Tribune

Portrait de Hervé Chapron et Michel Monier, membres du CRAPS
En sortant du cadre devenu habituel, les accords collectifs de prévoyance peuvent être un champ nouveau, terreau de réinvention de la gestion paritaire.

Hervé CHAPRON & Michel MONIER
Membres du CRAPS, respectivement anciens Directeurs Généraux Adjoints de Pôle emploi et de l’Unédic et auteurs de «  Penser le social – 5 questions pour 2022  »

Episode 6 sur 8 de la série réalisée en partenariat avec le Centre technique des institutions de prévoyance (CTIP)

Le dialogue social, instrument central de la démocratie sociale, a été au niveau de l’entreprise redynamisé par les ordonnances de 2017. Dans le même temps les ANI à portée nationale sont trop souvent « cadrés » par l’exécutif.

Ce double mouvement, à front renversé, ne fait-il pas une place nouvelle aux accords de branche, aux accords professionnels ? Les Partenaires sociaux n’ont-ils pas l’opportunité de réinventer le dialogue social à travers les accords collectifs de branche pour in fine adapter le dispositif de protection sociale aux enjeux nouveaux ? La crise sanitaire a démontré, dans le domaine de la prévoyance, leur réactivité par la mobilisation des « fonds mutualisés ».
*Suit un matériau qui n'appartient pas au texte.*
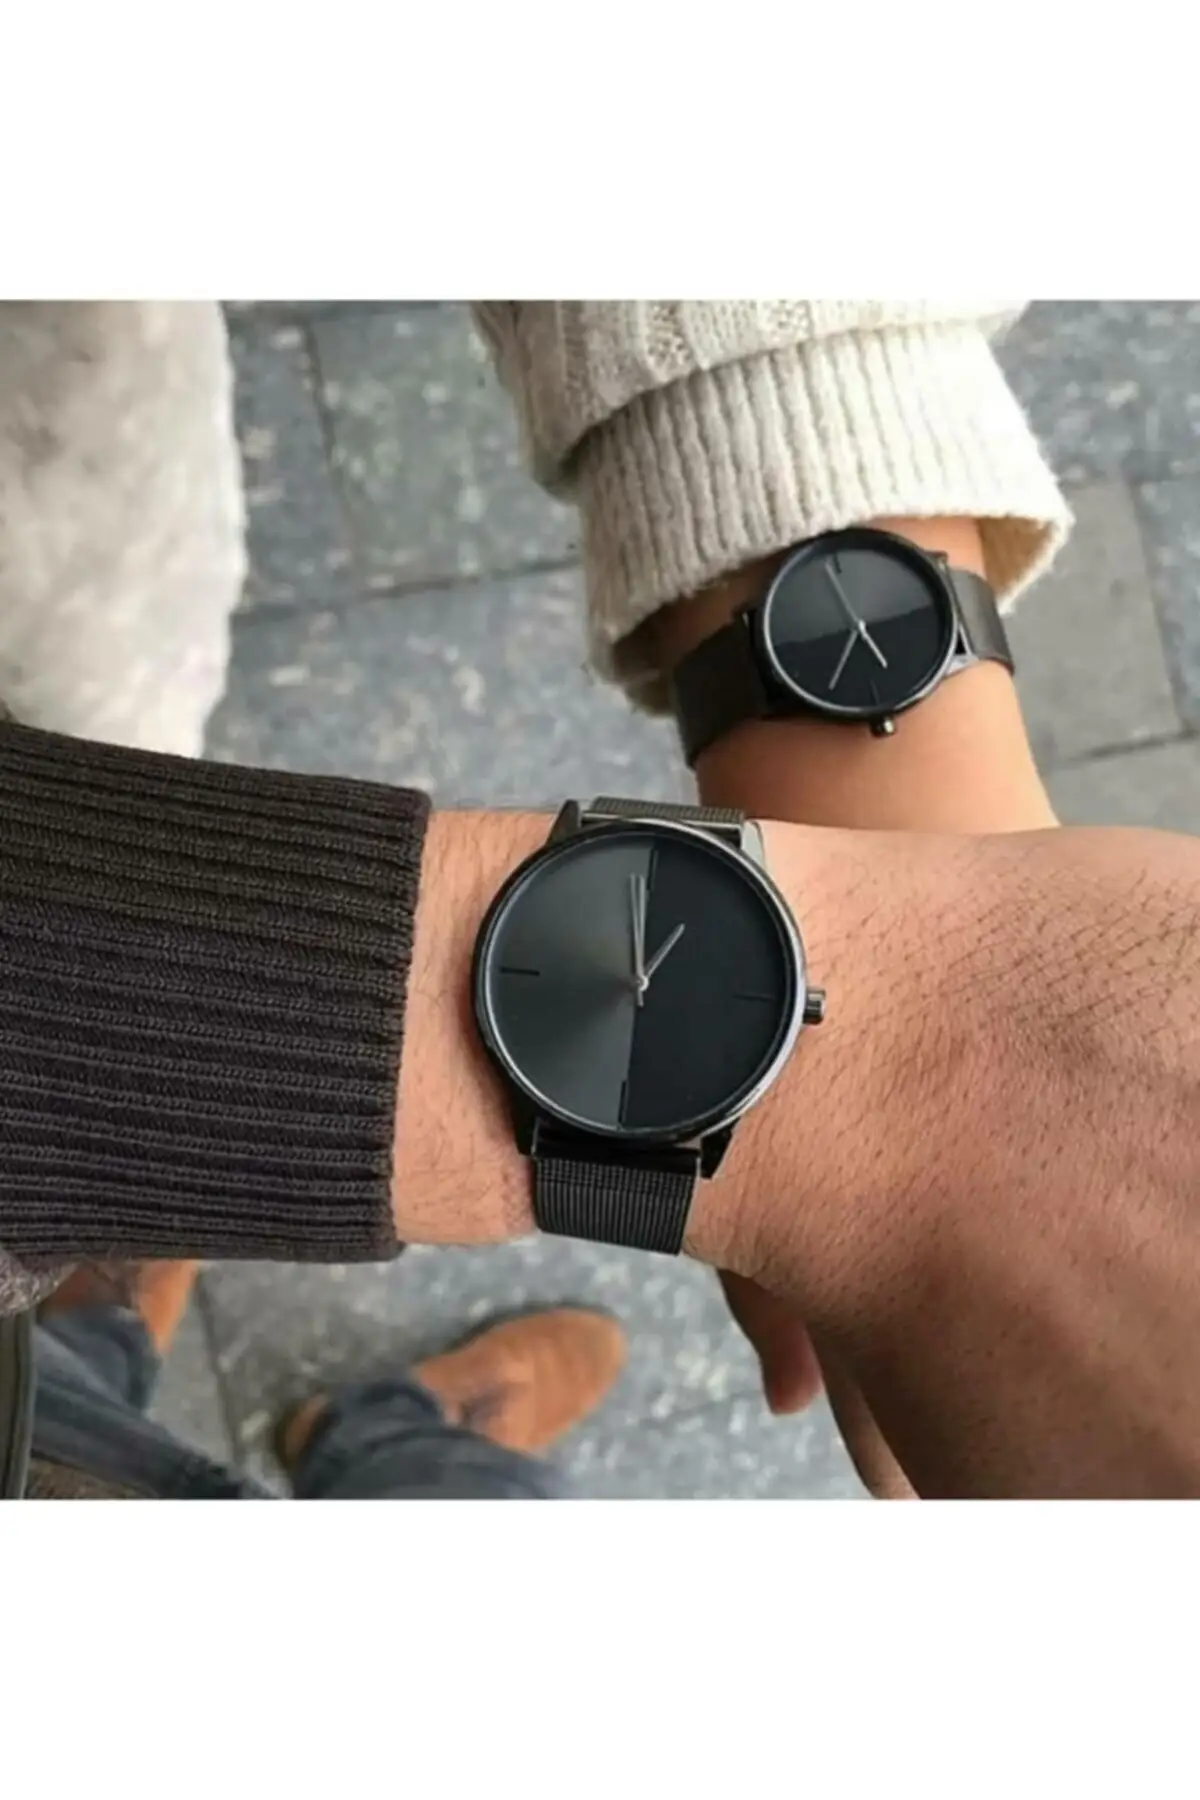 

2022 Watches Dear hour Luxury Fashion Sport Refresh Brands Top Quartz Stylish watch High Quality Premium wristband watch

C’était là l’expression d’une anticipation que seules permettent la proximité des Partenaires sociaux avec « le terrain » et leur connaissancemétier des activités et des enjeux des branches. C’est ainsi que les accords de prévoyance sont bien plus que du salaire différé ou un avantage accessoire de la rémunération. Ils sont un levier de gestion et de défense du capital humain de l’entreprise. C’est pourquoi l’accord de branche apporte des réponses sectorielles appropriées à des sujets dont le dialogue social dans l’entreprise ne peut se saisir.

En sortant du cadre devenu habituel, les accords collectifs de prévoyance peuvent être un champ nouveau, terreau de réinvention de la gestion paritaire. Ce champ d’investigation illustrerait la responsabilité des Partenaires sociaux et des organisations à gestion paritaire dans l’adaptation d’un système de protection sociale au bénéfice autant des salariés qu’à leur famille, à l’entreprise qu’à ses actionnaires.

Quand, par facilité, les solutions de « grande Sécu » d’une part et de subvention du pouvoir d’achat par l’État d’autre part, viennent réduire la liberté conventionnelle, repenser la protection sociale et économique par le canal des branches, c’est rendre « principal » ce qui est aujourd’hui complémentaire.

Les gains économiques et sociaux d’une telle démarche, s’ils bénéficient à la branche impactent positivement les dépenses sociales de l’État : ce serait une des formes de l’implication de l’entreprise dans l’économie socialement responsable.